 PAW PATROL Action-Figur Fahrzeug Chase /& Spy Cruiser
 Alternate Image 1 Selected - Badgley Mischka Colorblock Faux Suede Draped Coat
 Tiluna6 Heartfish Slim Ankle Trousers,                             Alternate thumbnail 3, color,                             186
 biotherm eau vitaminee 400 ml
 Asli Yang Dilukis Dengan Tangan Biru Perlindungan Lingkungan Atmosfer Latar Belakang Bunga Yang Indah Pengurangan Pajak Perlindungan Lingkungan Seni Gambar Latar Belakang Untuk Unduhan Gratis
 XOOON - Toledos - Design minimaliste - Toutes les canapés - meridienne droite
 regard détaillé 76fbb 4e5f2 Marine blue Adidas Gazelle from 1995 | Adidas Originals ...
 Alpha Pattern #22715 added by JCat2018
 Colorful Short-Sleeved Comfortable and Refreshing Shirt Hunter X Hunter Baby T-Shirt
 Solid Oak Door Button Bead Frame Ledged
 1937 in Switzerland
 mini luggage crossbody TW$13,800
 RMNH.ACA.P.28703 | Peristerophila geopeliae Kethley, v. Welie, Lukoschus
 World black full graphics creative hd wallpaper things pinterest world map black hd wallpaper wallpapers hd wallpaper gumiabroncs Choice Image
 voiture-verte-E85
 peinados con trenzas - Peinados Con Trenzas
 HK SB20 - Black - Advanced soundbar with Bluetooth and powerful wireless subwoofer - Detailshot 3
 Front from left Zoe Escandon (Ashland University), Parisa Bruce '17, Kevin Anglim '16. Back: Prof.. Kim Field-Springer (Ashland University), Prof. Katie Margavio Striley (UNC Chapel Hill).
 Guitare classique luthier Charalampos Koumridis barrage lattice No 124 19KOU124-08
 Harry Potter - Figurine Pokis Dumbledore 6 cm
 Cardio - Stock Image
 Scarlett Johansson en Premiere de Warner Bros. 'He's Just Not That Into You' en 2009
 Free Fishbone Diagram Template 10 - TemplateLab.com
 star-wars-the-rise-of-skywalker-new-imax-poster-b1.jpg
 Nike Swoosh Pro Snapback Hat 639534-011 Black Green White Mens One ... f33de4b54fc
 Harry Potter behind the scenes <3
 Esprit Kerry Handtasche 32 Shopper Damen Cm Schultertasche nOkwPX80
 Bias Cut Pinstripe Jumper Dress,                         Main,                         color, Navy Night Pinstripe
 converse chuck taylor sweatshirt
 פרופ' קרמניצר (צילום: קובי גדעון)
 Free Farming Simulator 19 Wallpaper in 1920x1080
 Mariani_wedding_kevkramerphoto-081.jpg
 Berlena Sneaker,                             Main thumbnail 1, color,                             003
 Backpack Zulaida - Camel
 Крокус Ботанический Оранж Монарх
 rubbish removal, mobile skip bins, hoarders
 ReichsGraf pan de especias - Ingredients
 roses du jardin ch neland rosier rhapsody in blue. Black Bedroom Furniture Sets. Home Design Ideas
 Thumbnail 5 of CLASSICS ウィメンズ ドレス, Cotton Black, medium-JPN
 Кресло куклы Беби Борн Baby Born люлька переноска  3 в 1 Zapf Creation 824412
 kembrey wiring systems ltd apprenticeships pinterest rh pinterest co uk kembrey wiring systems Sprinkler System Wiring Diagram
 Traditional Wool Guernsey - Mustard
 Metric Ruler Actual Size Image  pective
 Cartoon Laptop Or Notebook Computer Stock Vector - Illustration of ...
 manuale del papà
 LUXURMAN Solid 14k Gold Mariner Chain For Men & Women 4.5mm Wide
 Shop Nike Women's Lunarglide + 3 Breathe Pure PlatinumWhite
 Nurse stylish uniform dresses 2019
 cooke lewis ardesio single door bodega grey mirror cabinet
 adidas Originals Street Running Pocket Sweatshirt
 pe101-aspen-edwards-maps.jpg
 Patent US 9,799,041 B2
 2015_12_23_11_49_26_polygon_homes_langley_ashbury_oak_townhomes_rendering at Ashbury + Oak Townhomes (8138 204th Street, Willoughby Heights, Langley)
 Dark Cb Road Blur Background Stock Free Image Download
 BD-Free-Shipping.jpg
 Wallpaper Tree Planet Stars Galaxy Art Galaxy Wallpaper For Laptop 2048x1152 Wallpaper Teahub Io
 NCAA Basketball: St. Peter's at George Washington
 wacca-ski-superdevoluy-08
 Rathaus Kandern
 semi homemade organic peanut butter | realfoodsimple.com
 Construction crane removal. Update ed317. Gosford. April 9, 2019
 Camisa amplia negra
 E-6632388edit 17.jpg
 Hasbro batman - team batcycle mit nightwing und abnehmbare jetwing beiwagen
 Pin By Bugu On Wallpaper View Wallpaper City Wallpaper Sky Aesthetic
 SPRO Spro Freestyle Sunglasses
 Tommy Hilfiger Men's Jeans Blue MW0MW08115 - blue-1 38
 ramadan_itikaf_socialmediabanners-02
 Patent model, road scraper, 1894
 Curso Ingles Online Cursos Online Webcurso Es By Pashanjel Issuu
################
### WHAT IS NEEDED
Everything from the first line of the data through the line containing "Tiluna6 Heartfish Slim" should be echoed exactly. Add nothing.

### OUTPUT FOR THIS TASK
 PAW PATROL Action-Figur Fahrzeug Chase /& Spy Cruiser
 Alternate Image 1 Selected - Badgley Mischka Colorblock Faux Suede Draped Coat
 Tiluna6 Heartfish Slim Ankle Trousers,                             Alternate thumbnail 3, color,                             186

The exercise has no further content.